Opinion Piece #2


At Renaissance Academy, an alternative high school in West Baltimore, many students are traumatized. They are traumatized by virtue of being children who were raised in poverty, little support at home, and the inability to healthily process these traumatic events at such a young age. As a result, they experience toxic stress, which can “disrupt the development of brain architecture and other organ systems, and increase the risk for stress-related disease and cognitive impairment, well into the adult years”. This issue of trauma among students in urban areas is certainly not unique to Baltimore, as a class action lawsuit was recently filed against the Compton Unified School District calling for schools to be held accountable to student trauma in Southern California. But the difference between most schools and Renaissance Academy is that in Renaissance, students have Principal Nikkia Rowe.

A community leader who has received both local and national attention, Principal Rowe has a clear understanding of what she must provide for her students. The school has an intensive mentoring program in place and also occasionally serves as a food kitchen for students. What is more is that Principal Rowe also has a clear understanding of the outside forces that deeply affect her students and community. “In Baltimore City what you see in particular communities, especially ours, is you have for decades a sanctioning for ‘This will be a dumping ground for the incredibly poor.’”, she told our research group during our visit to the school. “And when you deal with generational poverty it creates this thing in children that allows them to live a self-fulfilling prophecy. It also creates a deep sense of hopelessness no matter what I do. Whether it’s common core, whether it’s an afro-centric curriculum, the reality is it’s incredibly difficult to overcome hopelessness. When you see that in a kid’s eyes, it can break you as an adult. What we are seeing isn’t a result of common core. It’s more a result of institutionalized poverty. Poverty spawns violence. And we know that poverty is a construct of race. And race is a construct of supremacy”.

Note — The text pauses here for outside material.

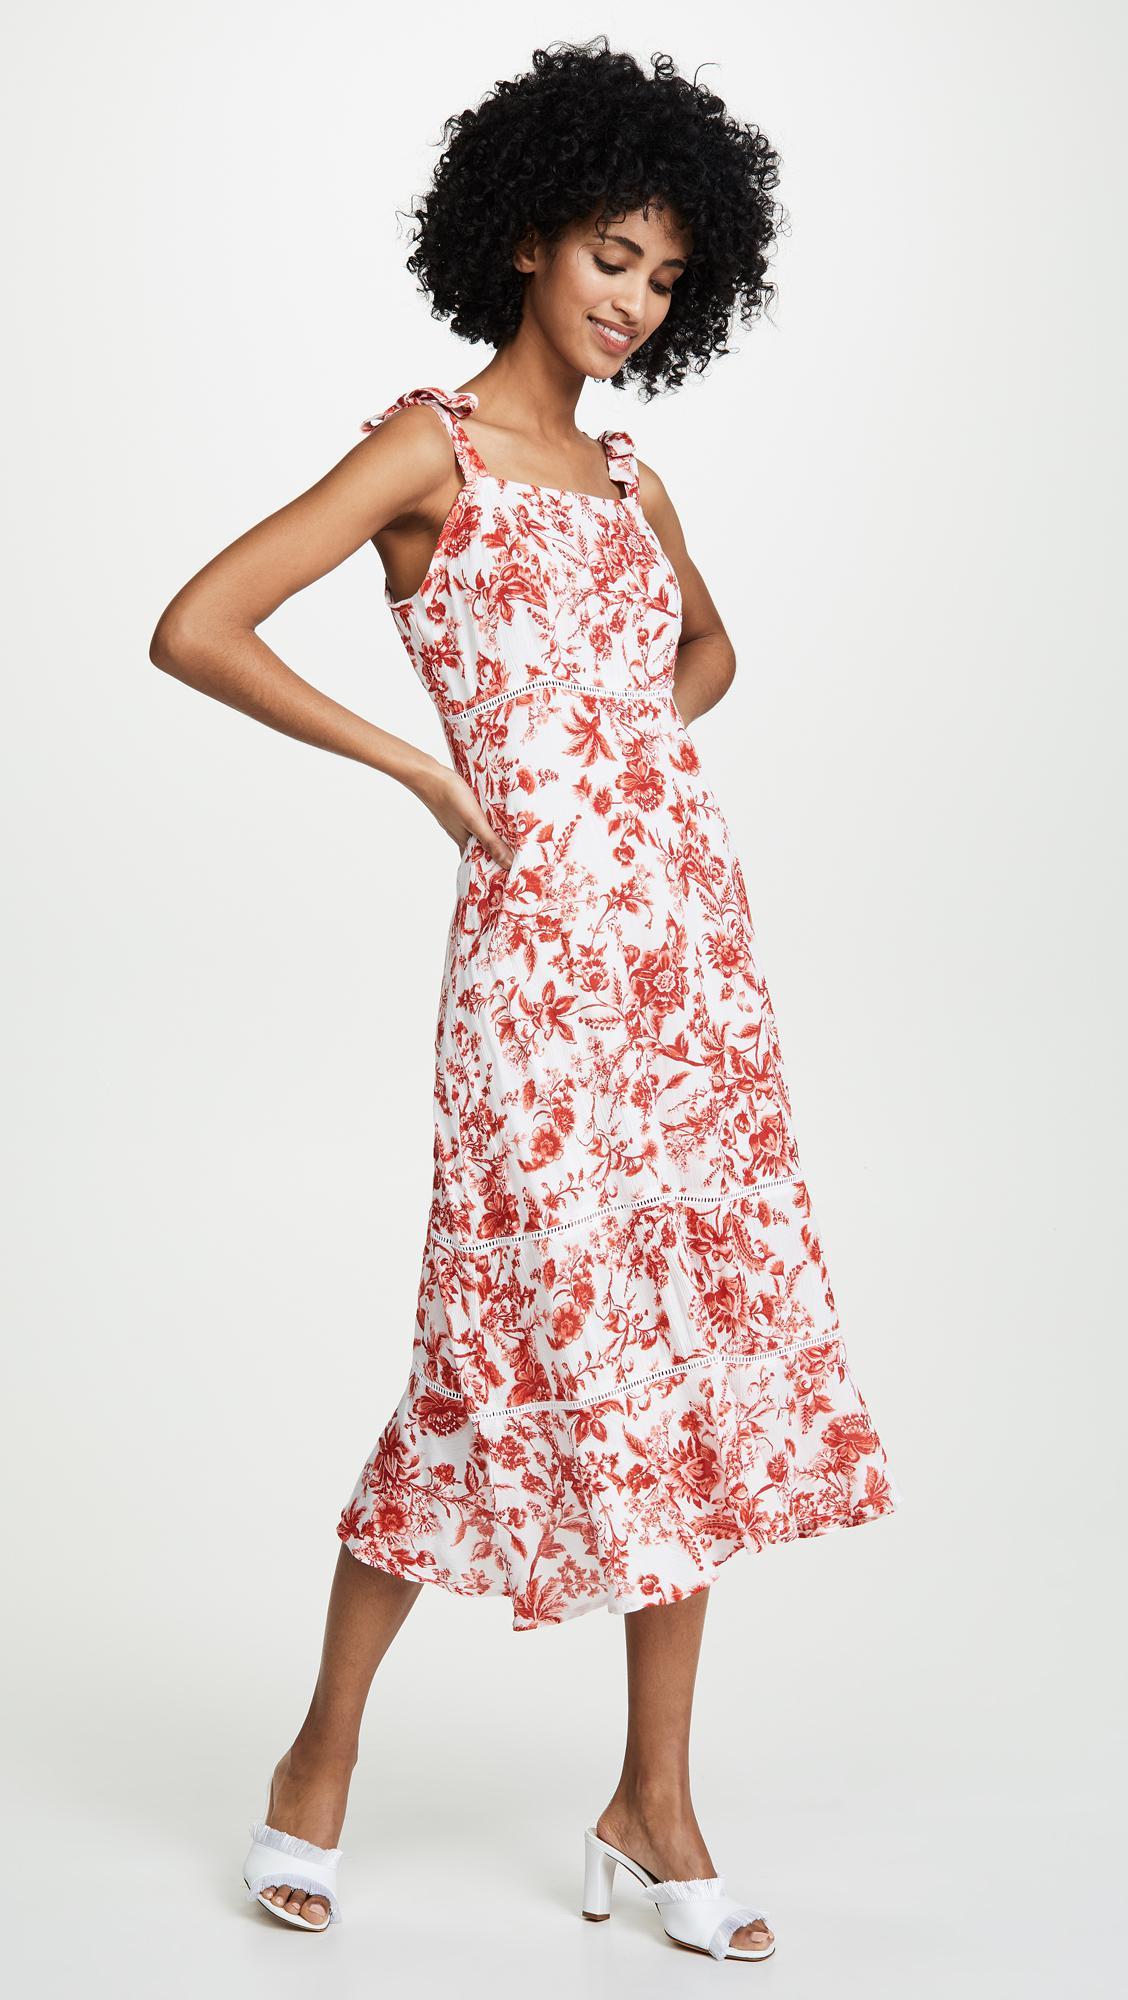 ead7ac9e01f Valencia   Vine Clarisse Dress in Red - Lyst

Principal Rowe also spoke on her way of dealing with student conflicts. “Bring them into a circle and ask ‘What happened? How do you feel?’, You NEVER ask them ‘Why?’, but you’re able to get them to tear down those layers and you get to, ‘Okay, who have you harmed and how do you remove that harm so that it never happens again?’”. She called the practice “circling” and claimed to spend 60 percent of her day doing it. She also acknowledged that while counseling service are in place, they are not heavily utilized due to the stigma surrounding it and the complication of parental consent.

As it can be seen, Renaissance Academy serves as a central harbor in the neighborhood of West Baltimore and Ms. Rowe serves as its caring leader. The support and education provided here must be fostered, continued, and encouraged in the future to bolster any result that can come about. Closing the Renaissance Academy would only produce harms and cut short the wonderful opportunities being created in the school every day. As such, the school should not be shuttered and threatened, but rather continuously worked with to maximize positive results.